▶ _YOUR TASK_: Begin at the line that has "Die-Cast Plastic Pipe", stop after the line that has "Light Up Haunted House In Assorted 2 Colors", and print exactly those lines from the records below, without any pictures.

▶ _DATA SECTION_:
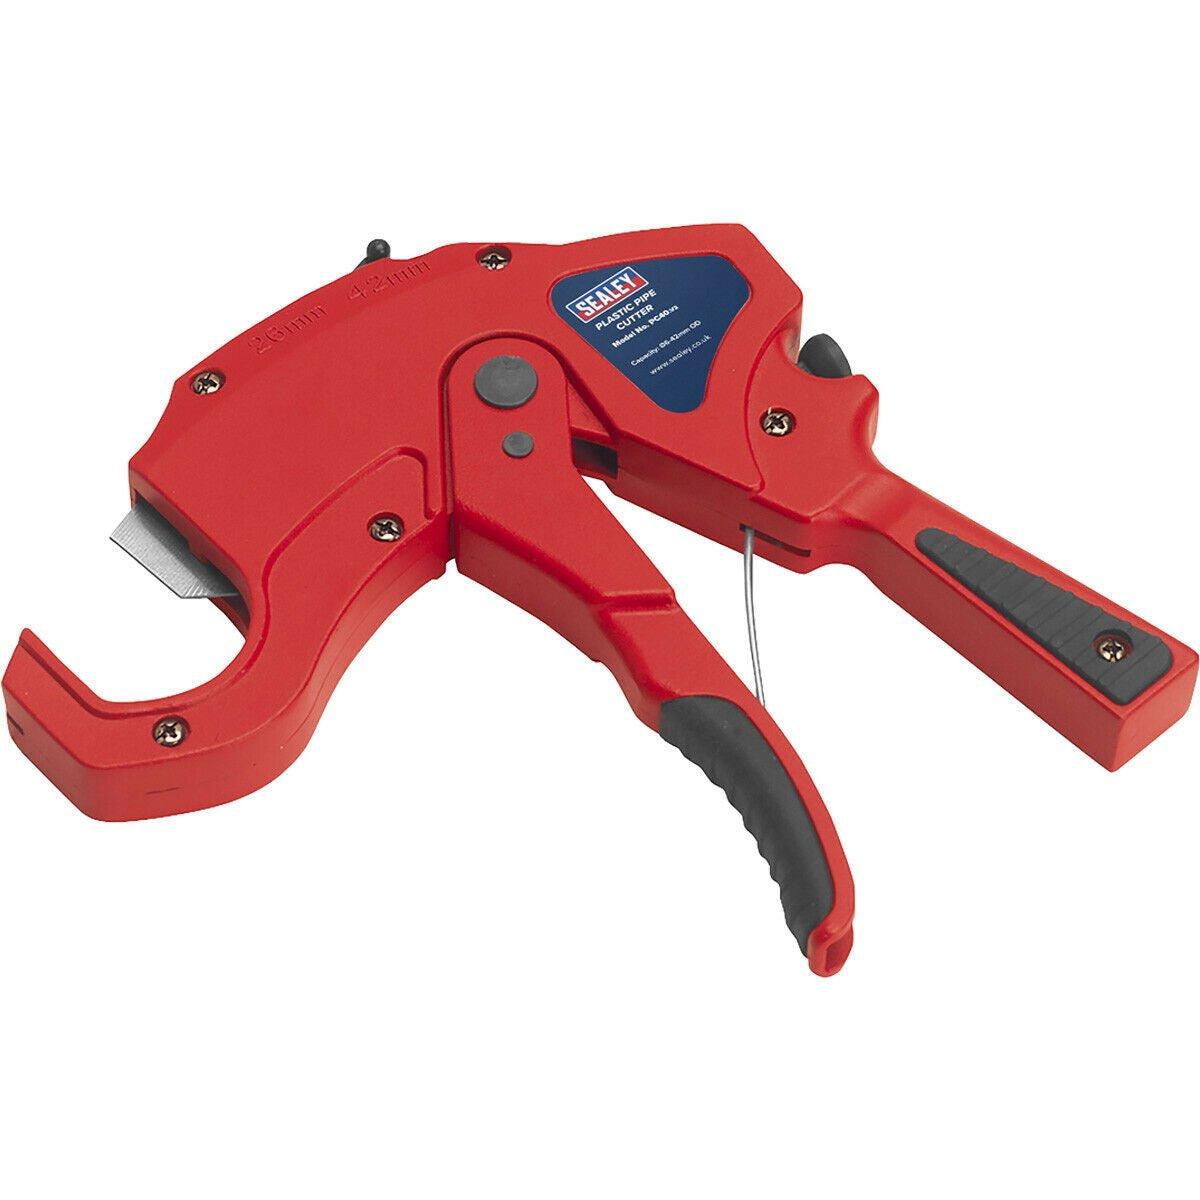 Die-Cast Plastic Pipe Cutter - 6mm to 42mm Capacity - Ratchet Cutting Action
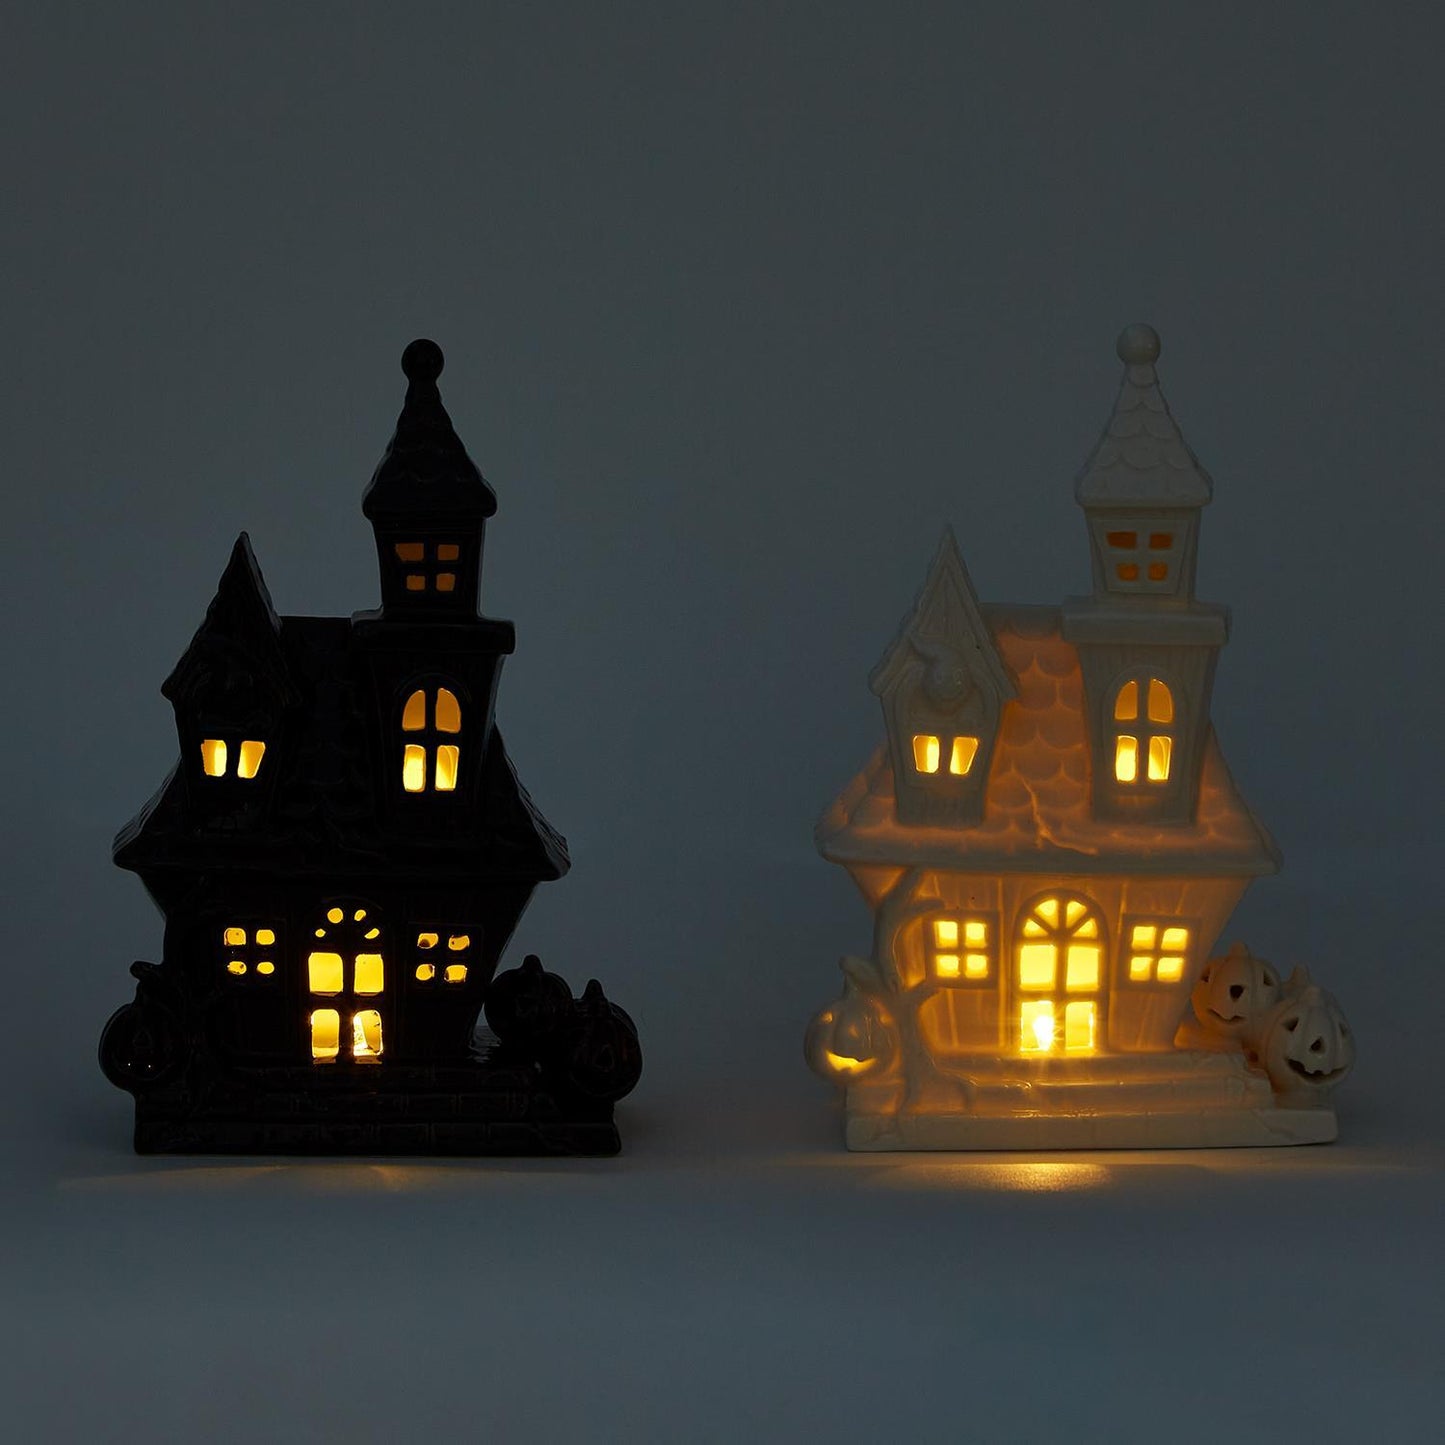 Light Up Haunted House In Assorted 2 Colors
...
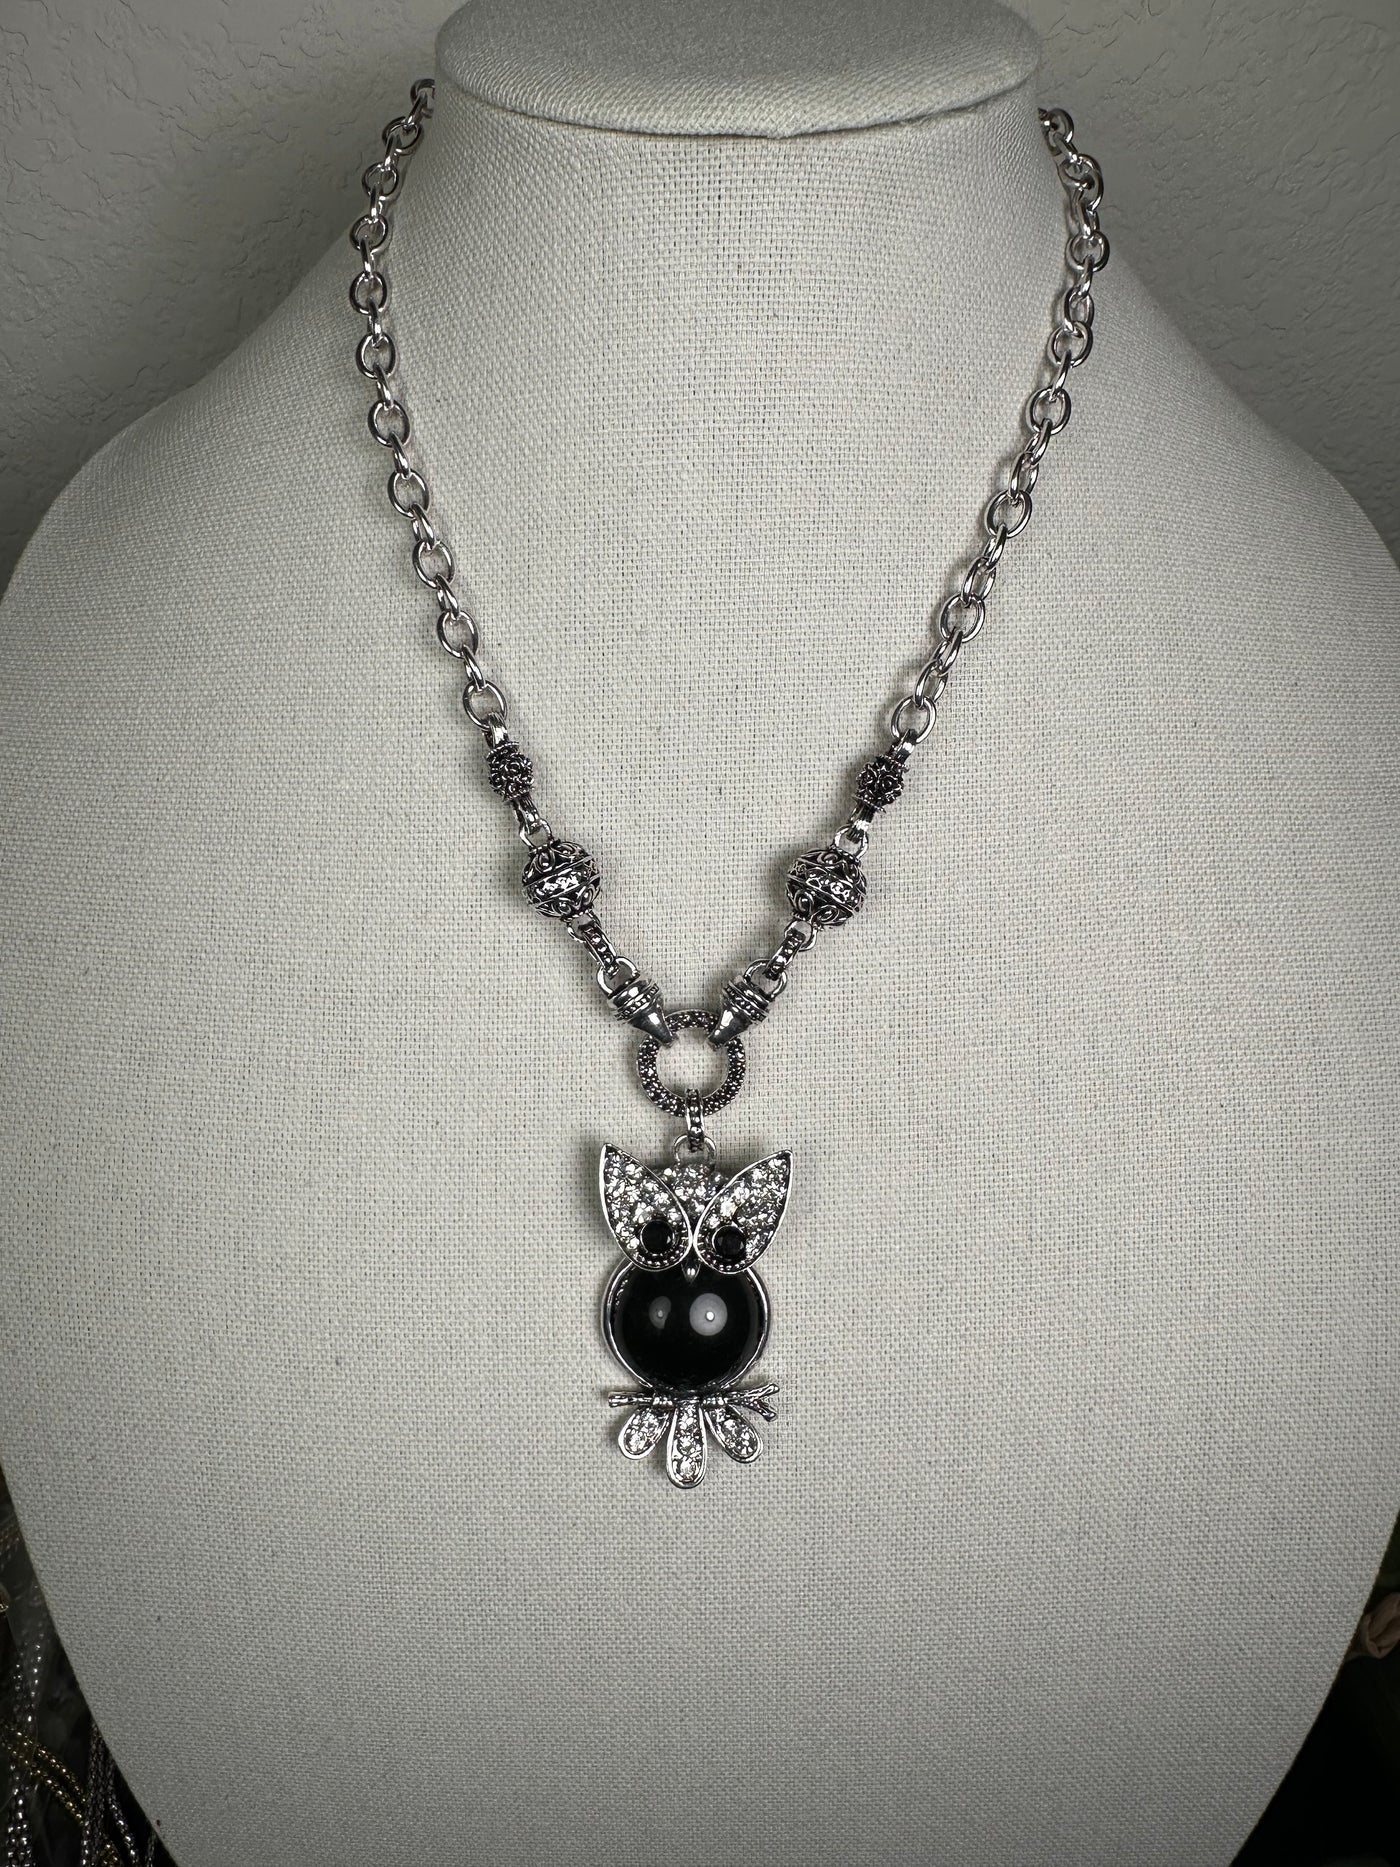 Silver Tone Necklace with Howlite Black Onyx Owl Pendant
==
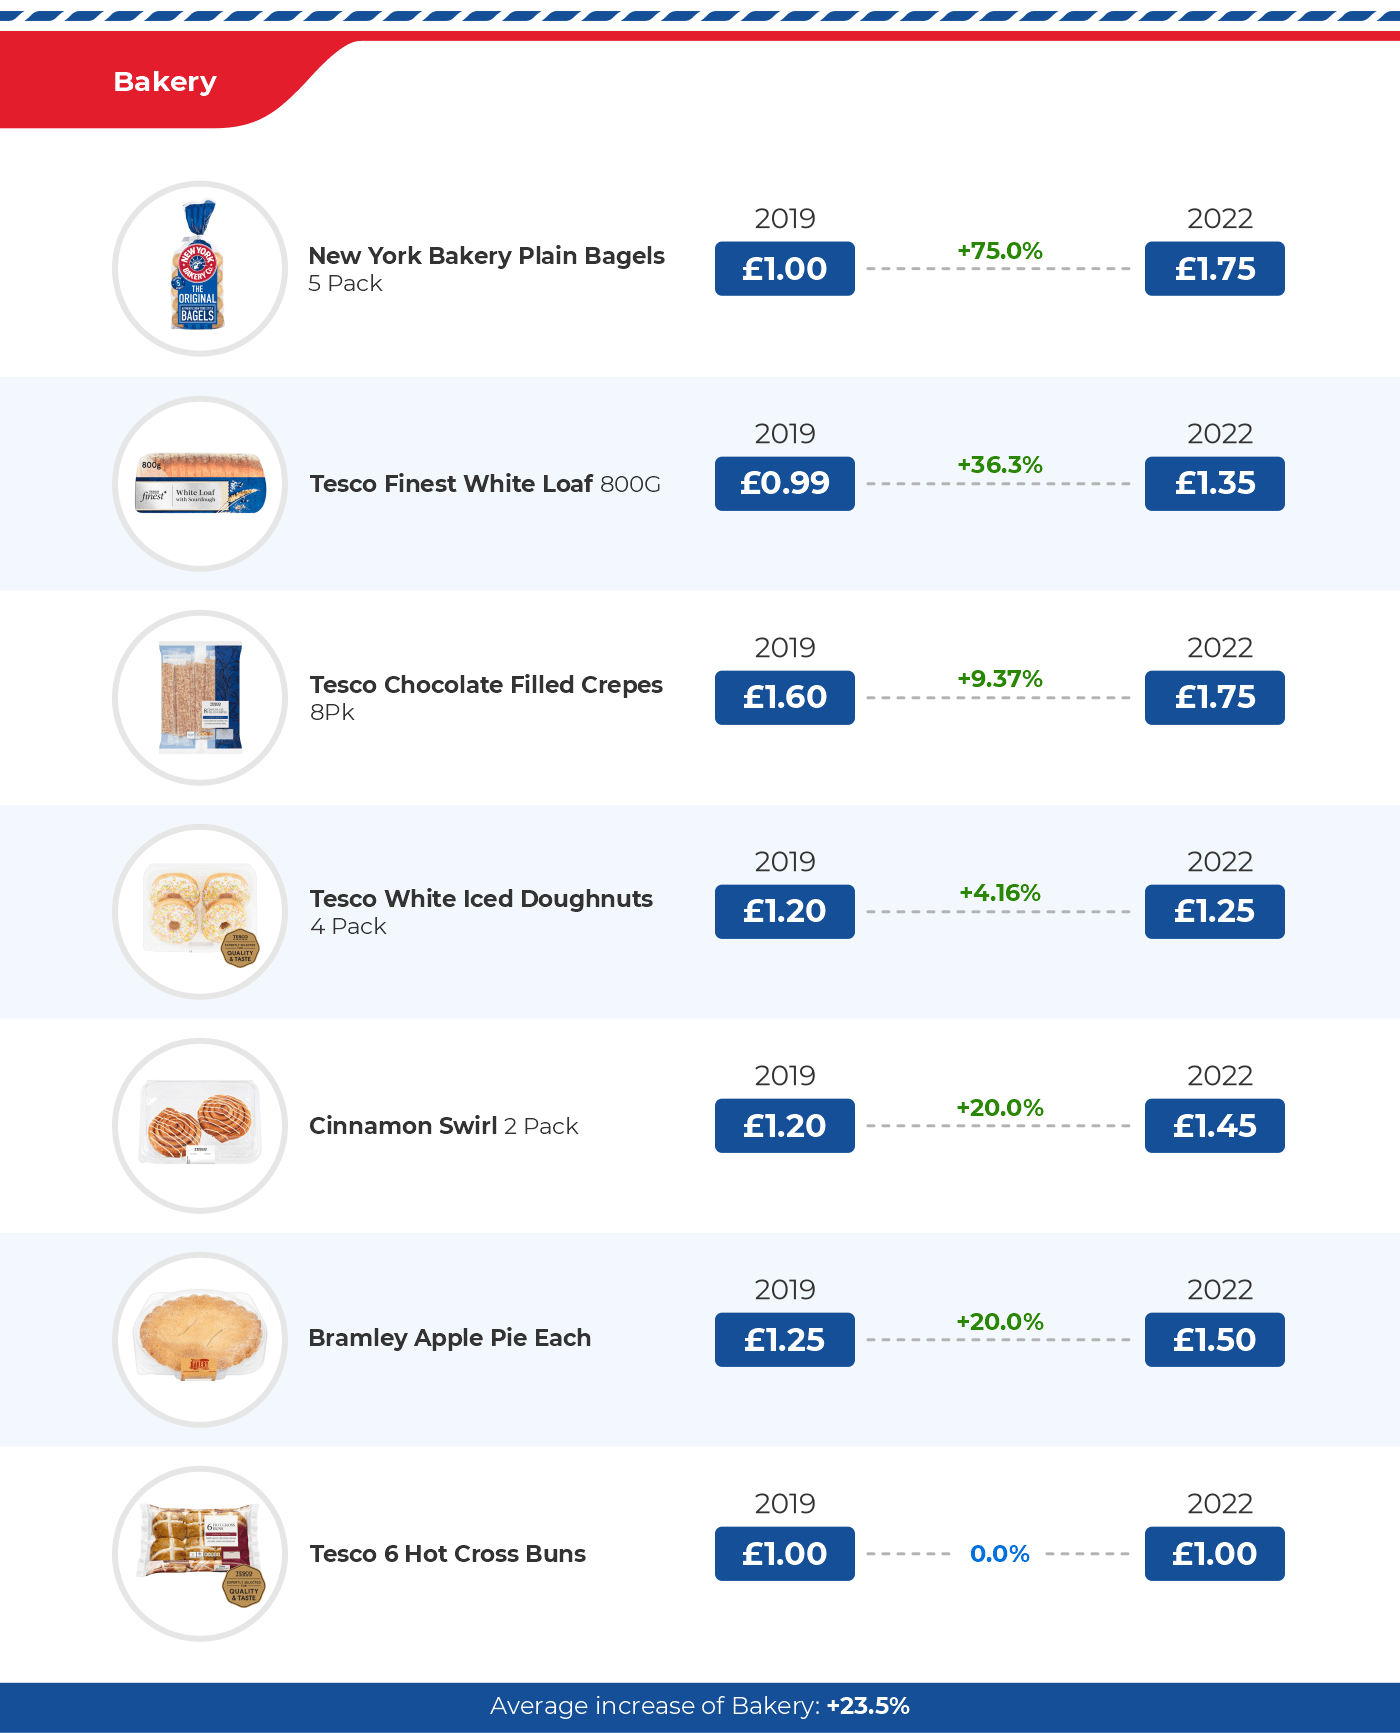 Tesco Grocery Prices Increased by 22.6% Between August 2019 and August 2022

▶ _WRITTEN SOLUTION_:
 Die-Cast Plastic Pipe Cutter - 6mm to 42mm Capacity - Ratchet Cutting Action
 Light Up Haunted House In Assorted 2 Colors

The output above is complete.